Project description:BACKGROUND:Few diagnostic and prognostic biomarkers are available for head-and-neck squamous cell carcinoma (HNSCC). Long non-coding RNAs (lncRNAs) have shown promise as biomarkers in other cancer types and in some cases functionally contribute to tumor development and progression. Here, we searched for lncRNAs useful as biomarkers in HNSCC. METHODS:Public datasets were mined for lncRNA candidates. Two independent HNSCC tissue sets and a bladder cancer tissue set were analyzed by RT-qPCR. Effects of lncRNA overexpression or downregulation on cell proliferation, clonogenicity, migration and chemosensitivity were studied in HNSCC cell lines. RESULTS:Data mining revealed prominently CASC9, a lncRNA significantly overexpressed in HNSCC tumor tissues according to the TCGA RNAseq data. Overexpression was confirmed by RT-qPCR analyses of patient tissues from two independent cohorts. CASC9 expression discriminated tumors from normal tissues with even higher specificity than HOTAIR, a lncRNA previously suggested as an HNSCC biomarker.

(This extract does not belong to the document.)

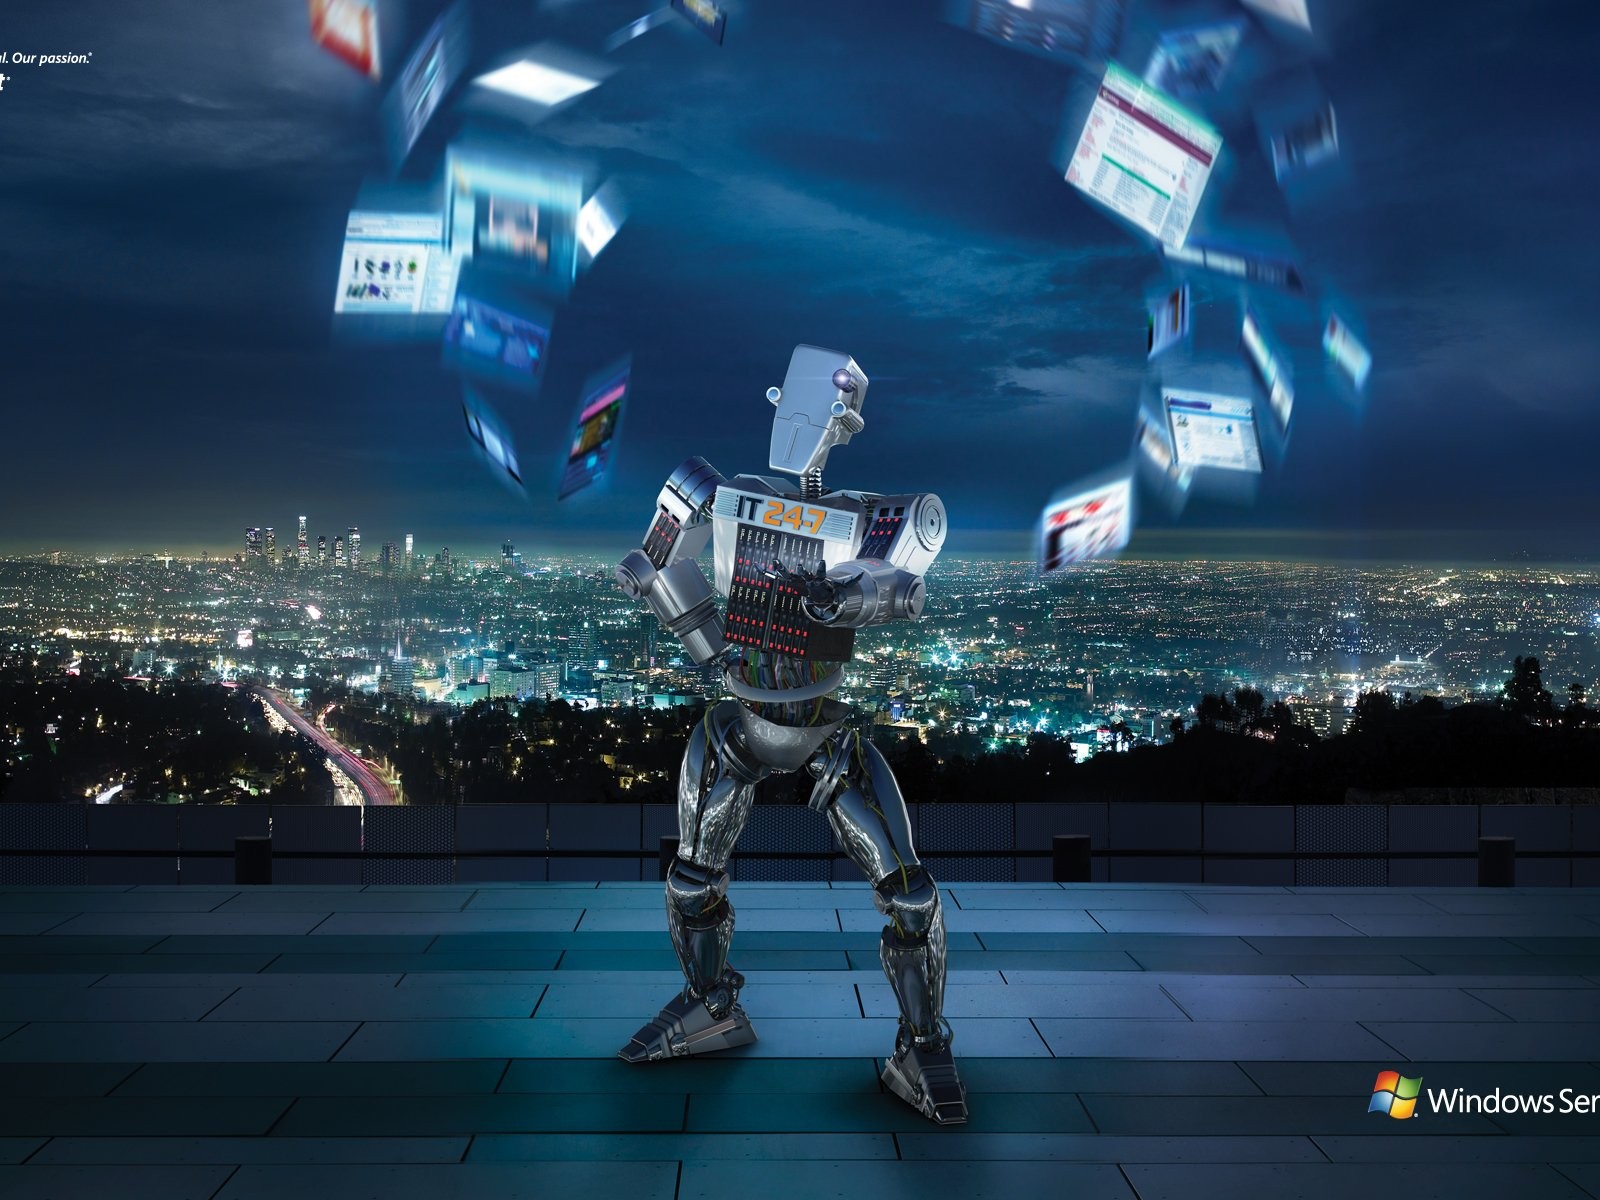 Windows IT Robot ad #1 - 1600x1200

Specificity of HNSCC detection by CASC9 was further improved by combination with HOTAIR. Analysis of TCGA pan-cancer data revealed significant overexpression of CASC9 across different other entities including bladder, liver, lung and stomach cancers and especially in squamous cell carcinoma (SCC) of the lung. By RT-qPCR analysis we furthermore detected stronger CASC9 overexpression in pure SCC of the urinary bladder and mixed urothelial carcinoma with squamous differentiation than in pure urothelial carcinomas. Thus, CASC9 might represent a general diagnostic biomarker and particularly for SCCs. Unexpectedly, up- or downregulation of CASC9 expression in HNSCC cell lines with low or high CASC9 expression, respectively, did not result in significant changes of cell viability, clonogenicity, migration or chemosensitivity. CONCLUSIONS:CASC9 is a promising biomarker for HNSCC detection. While regularly overexpressed, however, this lncRNA does not seem to act as a major driver of development or progression in this tumor.